So what’s the big deal about having screens with proper tension? There are two issues that may occur when you use screens with too soft mesh. These are (1) fabric wave, and (2) mesh release.
Fabric wave means, as you apply pressure and pull or push the squeegee across the screen and shirt, a small wave of screen mesh may form in front of the squeegee blade. On the bottom side of the screen, this wave of fabric may fill with ink as it passes over the image, and then smear ink onto the garment when the squeegee reaches the edge of the graphic.
The more common issue is mesh release. We print garments off-contact. This means the only place the screen physically comes into contact with the garment is along the sharp edge of the squeegee blade. If your screen mesh is too soft, the mesh will not release from the garment as you pull or push the squeegee across the image. When the mesh does release, often when you lift the screen, the ink on the shirt will try to hold onto the screen mesh, causing a rough finish to your print.
On a multi-color job, soft mesh will stick to the previous colors on the shirt, and the ink picked up will begin to build up on the backs of your subsequent screens. In short order, your prints will start to appear muddy around the edges and where colors touch within your image.
When printing dark garments, poor screen tension can be doubly troublesome. The ink from the white underbase print is pulled up with the screen, and then flash cured into that position. My best analogy is seeing a thousand little mountain peaks standing up on the shirt. Under a microscope, the surface would look like the Alps. When colors are printed on top, the print feels very rough, or worse, hundreds of tiny white specks show throughout the print area where the white underbase peeks through the colors.
When you call me and say, “There’s something wrong with my ink! I see a thousand white speckles….” It’s not the ink. It’s almost never the ink. It’s your screen mesh tension.

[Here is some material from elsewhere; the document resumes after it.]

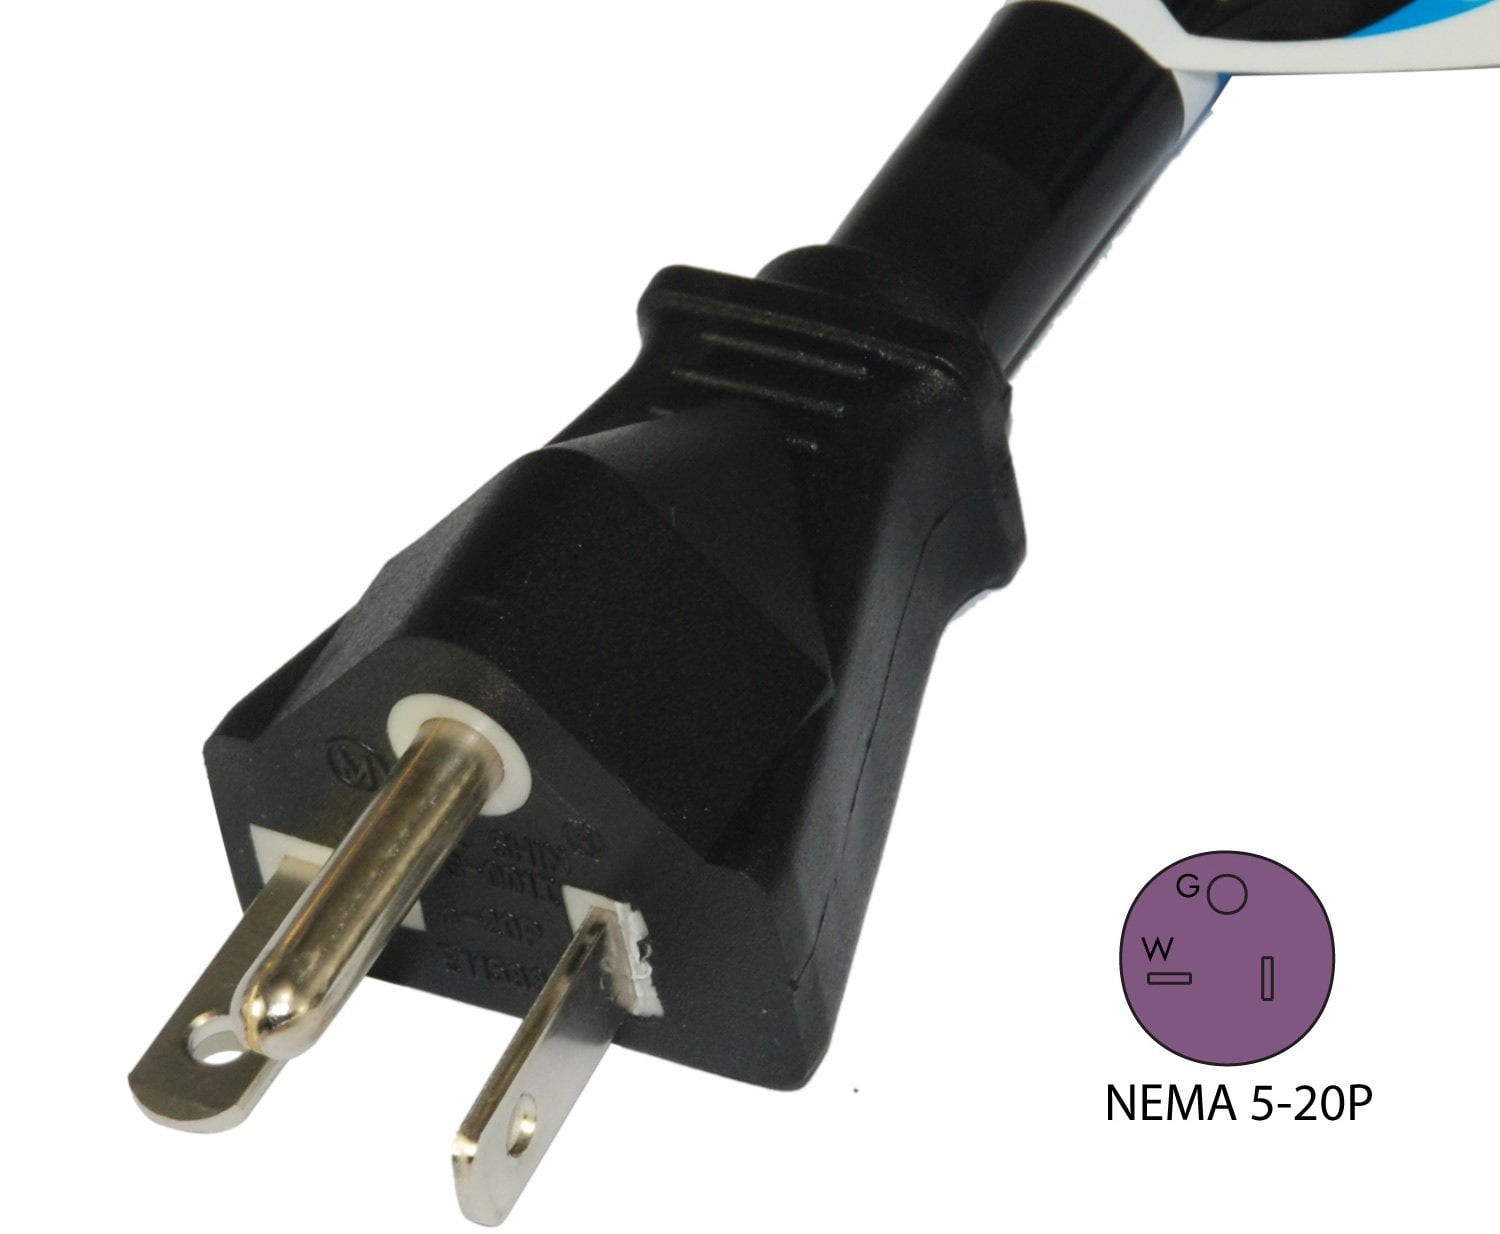 NEMA 5-20 Extension Cord 25 ft 20A/125V 12 AWG Iron Box # IBX-1010-25

To recap, when a print feels rough, it is usually caused by a screen with poor tension. A tight screen will give you a crisp, sharp image. And on a manual press, a tight screen will cause far less printing fatigue during the process. Screen printing… it’s all about the screen. Write that down.
I worked in a shop where the owner had no clue or care about quality screens. I once had a screen so baggy, it sagged a good 1/2 inch under the weight of the white ink I put in the screen.
Also a wood frames so warped, 1 corner was an inch of the table when the other corners held flat.
I ‘stole’ the 2 frames to take them out of production and also to have as ‘souvenir’. I last 3 months and wanted to quit the first day.
The processes they used had me pulling my hair. Nothing like a bit of daylight in the coating/storage room. Screens coated Monday were fogged by Friday.